Despite my efforts, my blood sugar remains high an hour later. I don’t want to bolus because I’d risk crashing soon, and I’ve already eaten my snack, so I don’t. High blood sugar is soporific; I fidget with my pen to stay awake.
After my third class, I eat a 3 p.m. meal. My blood sugar is in range, so I bolus only for the carbs. I eat rice and broccoli, then wander the internet. My post has some shares, mostly from diabetes camp friends. I’m pulled from my internet reverie by another Dex alarm: a fall rate alert. I turn off my basal for a half hour, hoping that’ll balance things out. I decide to delay my afternoon walk before my four o’clock class. Fifteen minutes later, I’m holding steady, so I pack up and take a truncated turn about campus.
Clearly I shouldn’t have, because I start to dip down again just before my two-hour creative writing seminar starts. I turn off my basal again, for an hour this time, and take two glucose tabs, just to be safe. When I keep dropping, I add two more glucose tabs, making a full treatment. I feel foggy but hope it will dissipate. I wonder if I overestimated my portion of rice or overcorrected for my high.
A few minutes later, my Dex tells me I’ll be urgently low within 20 minutes. It even counts down the minutes. I waffle between taking more glucose tabs or not, and decide it’s safer to take another one.
Ten minutes later, the reading is still dropping, but I feel that indescribable ache behind my brow bone that means my blood sugar is rocketing up. I decide to check with my glucometer again. It says 150, so I calibrate. My Dex tells me to test again in 10 minutes and recalibrate. My sister (who also has type one) says that the discrepancy between my Dex and glucometer might be because I’m constantly dehydrated. I try to recalibrate, and it doesn’t take, again. I contemplate the metaphorical resonances of inaccurate measurements, especially ones on which my life depends.
We take our 10-minute break in the middle of class, and just before we resume, my pump beeps to tell me I have to change my infusion set soon. I huff. It’s a day of alarms.
At the next prompt, I calibrate my Dexcom again. I’m down to 111. I wonder if it predicted a low because I’m dropping. Just in case that’s happening, I decrease my basal rate by half for an hour. I’ll check again soon to make sure I’m trending the right direction.
Five minutes later, I’m 115 with an arrow up, so I put my basal back to normal. In another 20 minutes, I’m 152. High again. I’ll correct with dinner.
I get some rice, beans and jambalaya and bolus accordingly. I guess it’s about a cup of rice, which is 45 grams of carbs, and probably another 15 or so for the sauce. I know I usually dip low after starchy meals, so I lower the bolus a little bit.

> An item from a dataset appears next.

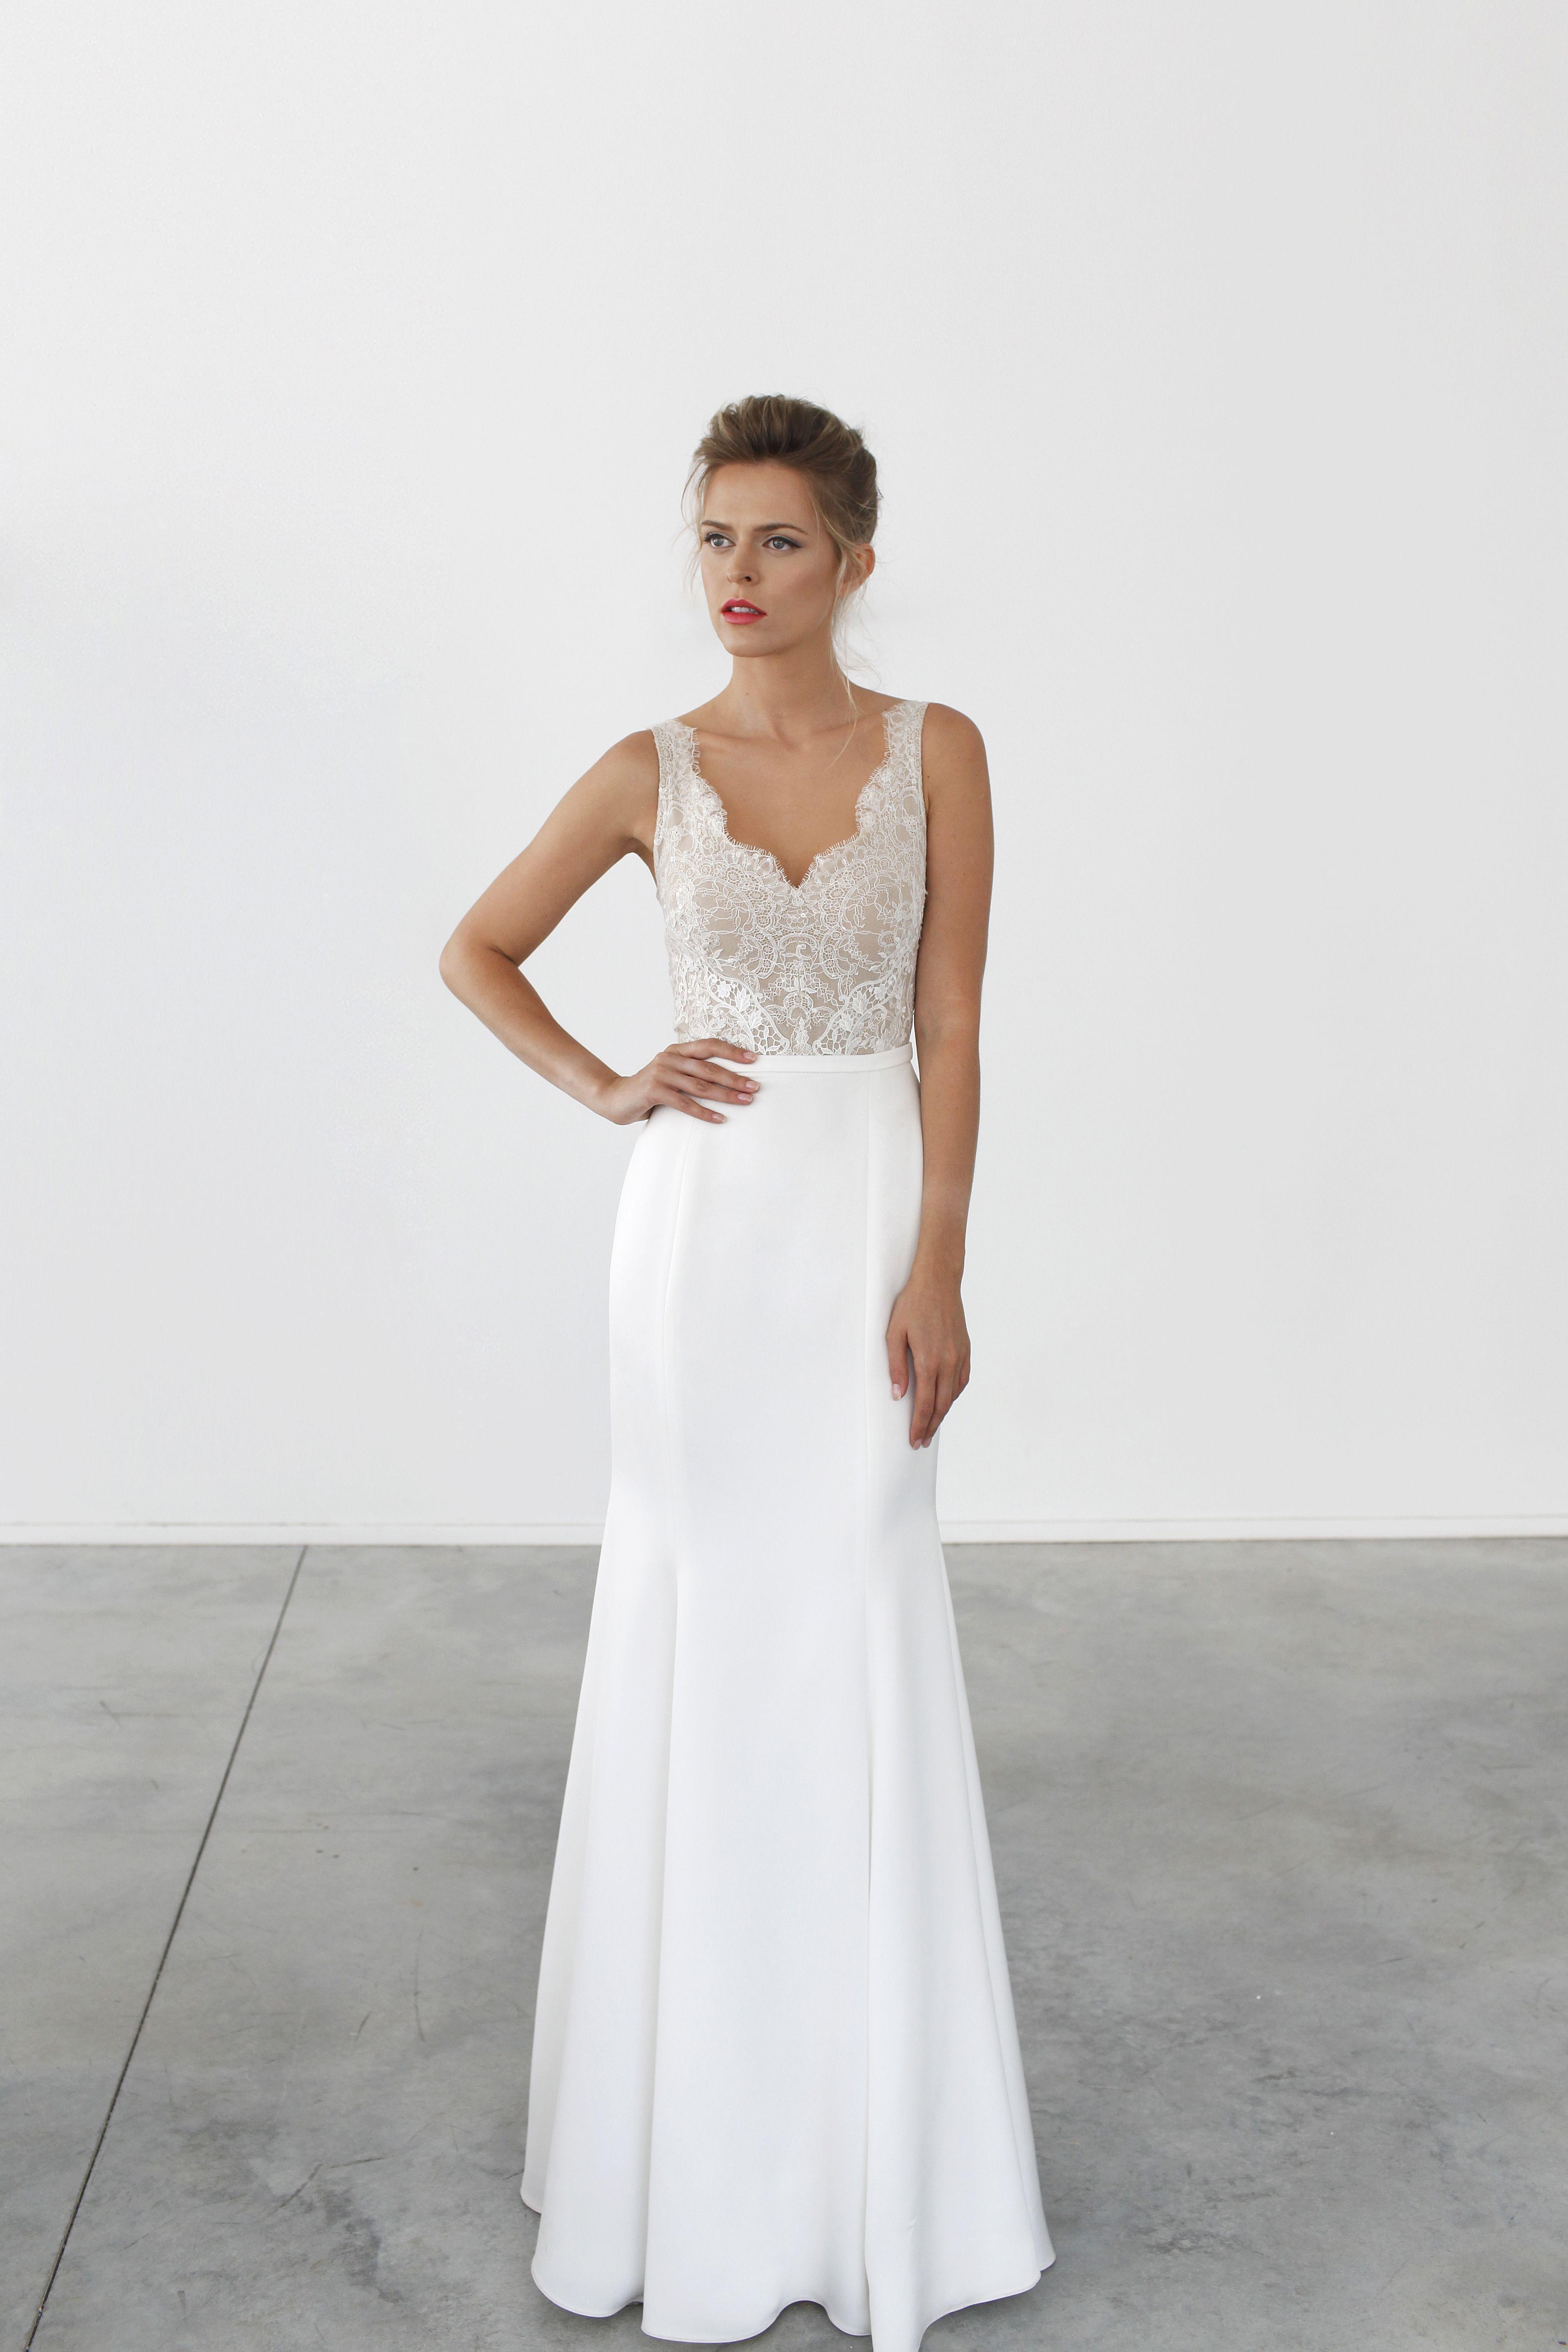 Limor rosen ariel luellas luellasboudoir for Wedding dresses for brides over 65

Not enough. An hour after dinner, I’m going low again. I eat fruit snacks because I’m getting tired of chalky glucose tablets. I do some homework and chat with my friends, then get ready for bed. An hour after I fall asleep, my Dexcom loudly announces that my blood sugar is, once again, high.
Today has been a frustrating day for me, blood sugar wise, but it wasn’t peculiar. People think that insulin and technology make diabetes easy, but that’s not true. Insulin isn’t a cure, but it keeps me alive. Even with improved tools for diabetes management, I struggle every day to keep my numbers in an acceptable range. This November, try to remember that some of us have to be our own pancreas.